Saat ini korban sudah dilakukan pemeriksaan Visum et Repertum oleh dokter pada RSUPN Dr. Cipto Mangunkusumo Jakarta guna melengkapi berkas penyidikan Polres Jakarta Selatan dan korban didampingi layanan psikologis dari Satwil Jaksel UPT P2TP2A (Pusat Pelayanan Terpadu Pemberdayaan Perempuan dan Anak) DKI Jakarta. Apabila perbuatan kejahatan pencabulan pelaku K terbukti, maka pelaku diduga dapat dijerat pasal berlapis, yaitu melakukan kekerasan atau ancaman kekerasan, atau memaksa, atau melakukan tipu muslihat, atau serangkaian kebohongan, atau membujuk anak untuk melakukan atau membiarkan dilakukan perbuatan cabul. Pelaku diduga dapat dijerat pasal berlapis, Pasal 76E UU 35/2014 jo Pasal 82 ayat 1, 5, UU 17/2016 dengan ancaman hukuman pidana paling singkat 5 tahun dan paling lama 15 tahun penjara dan denda paling banyak Rp. 5 milyar. Pelaku juga diberikan pidana tambahan berupa Pengumuman Identitas Pelaku (Pasal 82 ayat 5).
Tim SAPA KemenPPPA telah berkoordinasi dengan UPT P2TP2A DKI Jakarta untuk memastikan korban dan keluarganya mendapat pendampingan atau intervensi psikologis berdasarkan hasil asesmen lanjutan sesuai kebutuhan spesifik korban anak.
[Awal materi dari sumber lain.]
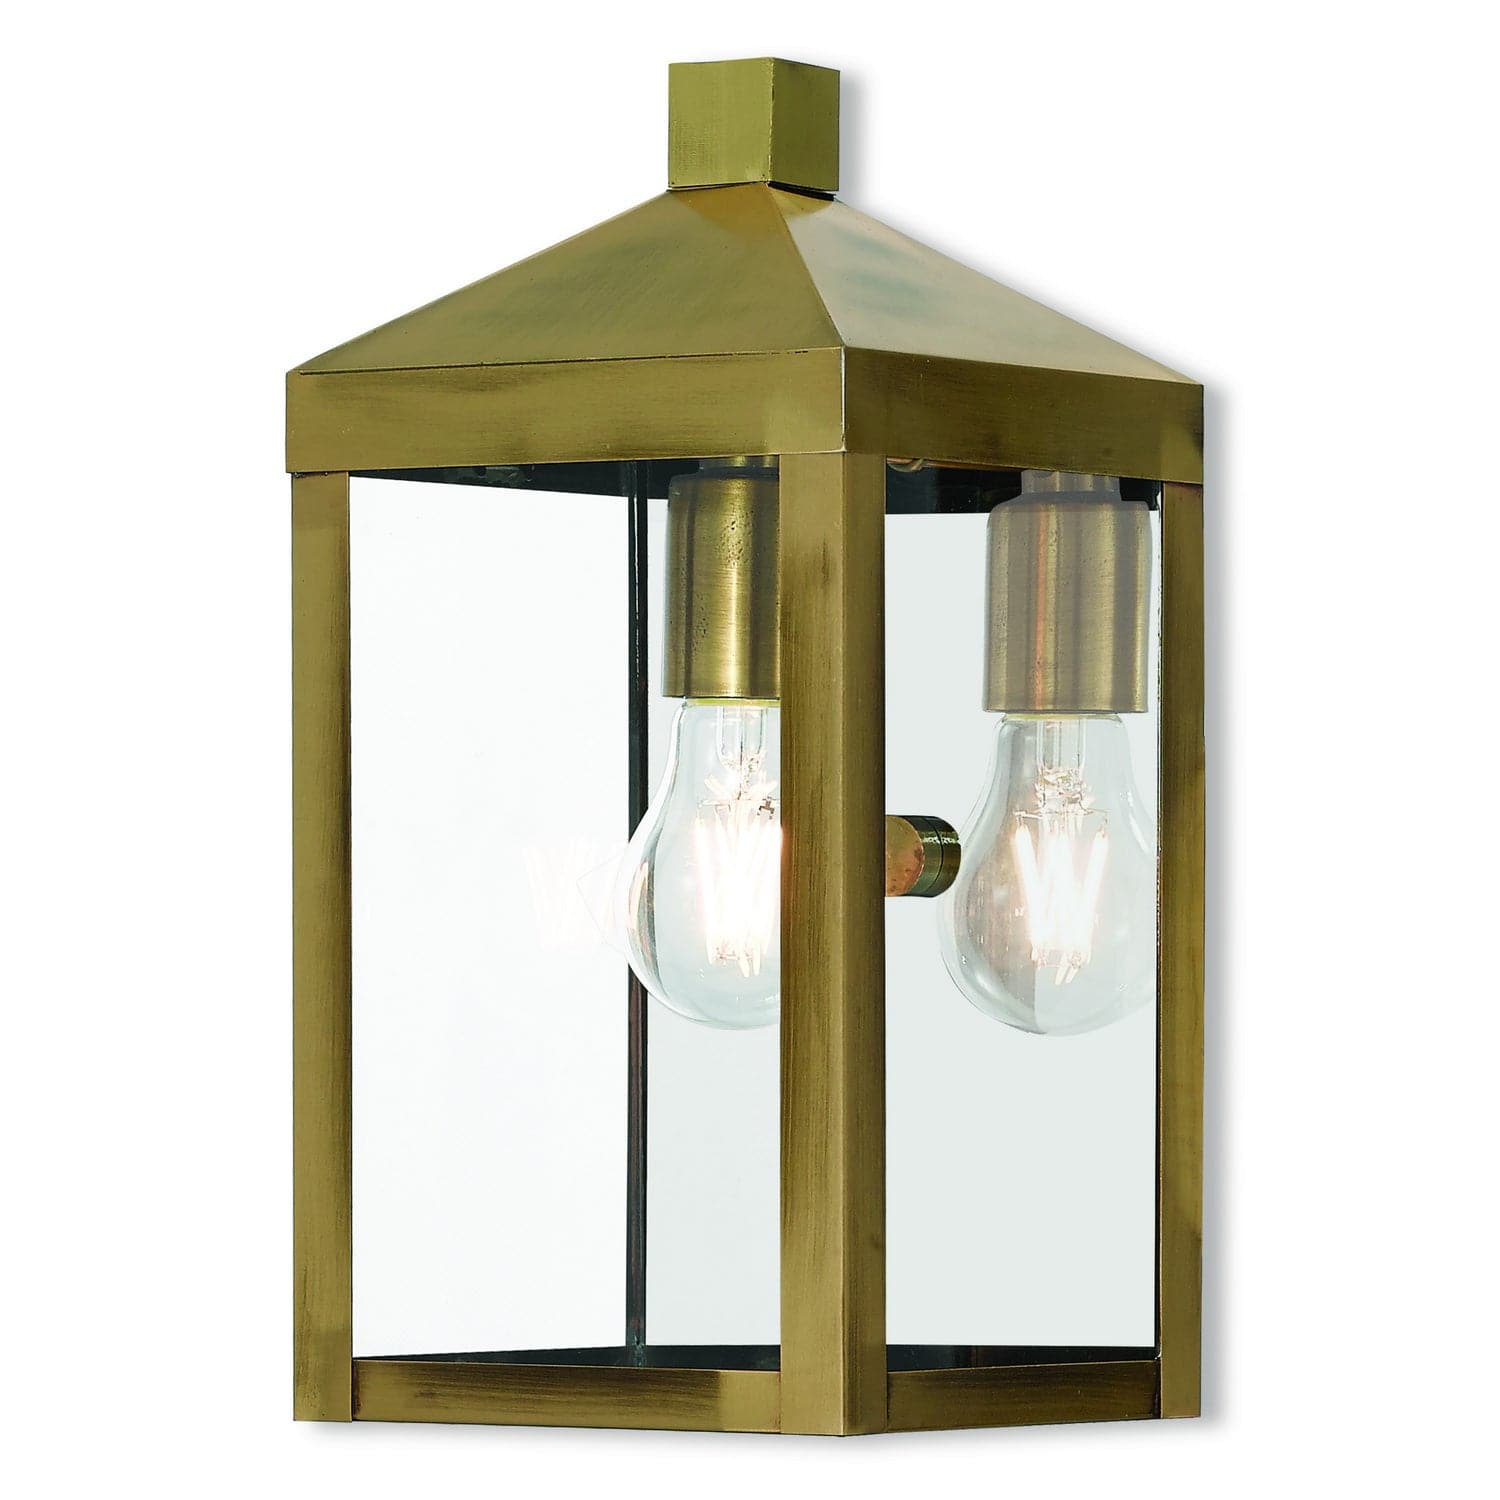 Livex Lighting - 20582-01 - One Light Outdoor Wall Lantern - Nyack - Antique Brass w/ Polished Chrome Stainless Steel

Database laporan pada Sistem lnformasi Online Perlindungan Perempuan dan Anak (Simfoni PPA) menunjukkan adanya tren peningkatan yang cukup besar dalam pelaporan kasus kekerasan terhadap perempuan dan anak sejak 2019, yaitu dari 8.854 menjadi 10.247 kasus, sementara pada 2021 dari 11.057 menjadi 14.517 kasus. Fakta lainnya yang terungkap dari pelaporan Simfoni PPA adalah satu pelaku dapat melakukan kekerasan kepada lebih dari satu korban. Pelaku kekerasan kebanyakan merupakan orang terdekat korban, bahkan tempat kejadian paling banyak terlaporkan antara lain di lingkungan dimana korban bertempat tinggal.